Another concern: the vulnerability could affect extremely secure repositories in ways that users might not expect. However, Justin Cappos emphasizes that the attacks will only affect legitimate users seeking to fix bugs in code or projects published on GitHub.

Justin Cappos explains that he has not yet seen any evidence that such attacks took place. But they analyzed GitHub repositories and found that thousands of users had accidentally leaked their security.md files. He notes that the security information of some popular projects has been changed, but it is unknown whether these changes are intentional, accidental or malicious. He adds that most of the affected repositories are not considered critical.

According to Justin Cappos, the vulnerability is easy to exploit, but targeting is difficult. However, attackers can lure users by deliberately including errors in their code, but there is no guarantee that they will respond.

During the vulnerability disclosure process with HackerOne on March 20, Justin Kappos confirmed that they have documentation of the issue. GitHub is taking the vulnerability seriously, but at the same time it is not sure that this is a real vulnerability that needs to be fixed.

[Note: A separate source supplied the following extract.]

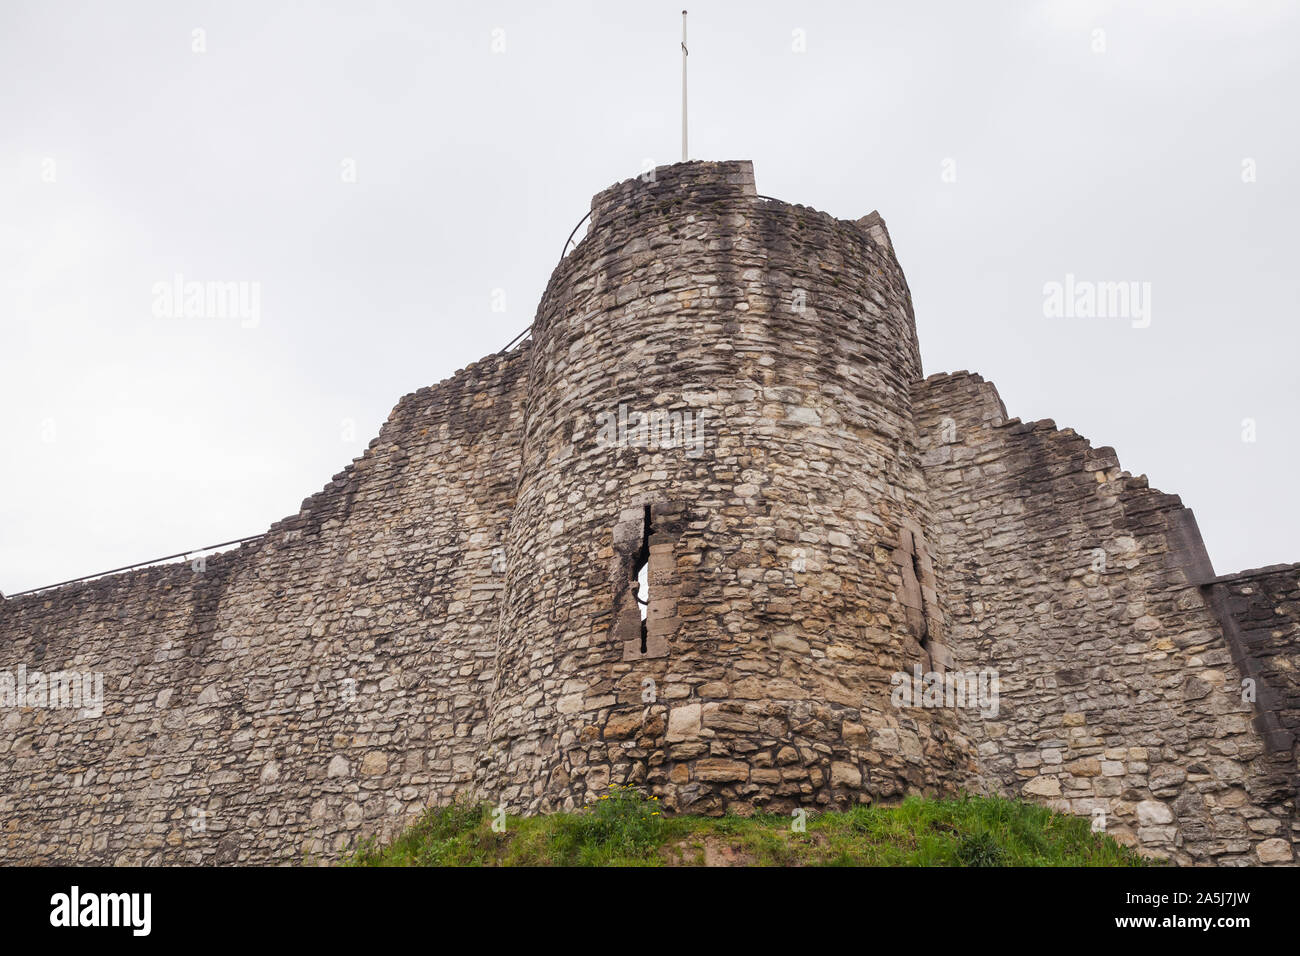 Las murallas de la ciudad de Southampton, es una secuencia de estructuras defensivas construidas alrededor de la ciudad en el sur de Inglaterra. La torre de piedra en ruinas Foto de stock

“I somewhat agree with GitHub’s assessment that this is not very serious. Although their issue tracker has rated this as critical (the highest category) – mainly because you have access to very sensitive information and it affects a wide range of repositories – the fact is that someone has to be a good Samaritan in the first place and forking your repository to send a pull request makes it harder to attack a specific part,” admits Justin Cappos. “However, for an attacker who simply wants to compromise projects as a whole, this is a significant problem.”

To date, no CVE or patch has been assigned for this vulnerability, and Justin Cappos encourages users to protect themselves by creating an empty .github repository.

“If you created your own .github repository, this will not affect you, since you will not be able to overwrite yours when you fork someone else’s. But if you haven’t created it, which most users don’t because they’re not very popular, then you’re vulnerable,” he explains.

Contacted by TechTarget (MagIT’s parent company), GitHub is committed to investigating the security issues found and explains: “We have taken note of this report, submitted as part of the GitHub bug bounty program, and have confirmed that it represents a low level of security. risk and low likelihood of exploitation. We continue to invest in improving the security of GitHub and our products, and are exploring ways to make this behavior clearer when editing security policy files. »

However, recent attacks on GitHub users have highlighted the popularity of the development platform among attackers, as well as the risks to the open source software supply chain. Earlier this month, Checkmarx discovered that attackers were manipulating GitHub shares and the star watch feature to trick developers into uploading malicious code. In March, Checkmarx reported another attack campaign in which attackers poisoned several popular GitHub code repositories, including Top.gg, which is used for search and discovery on the Discord platform.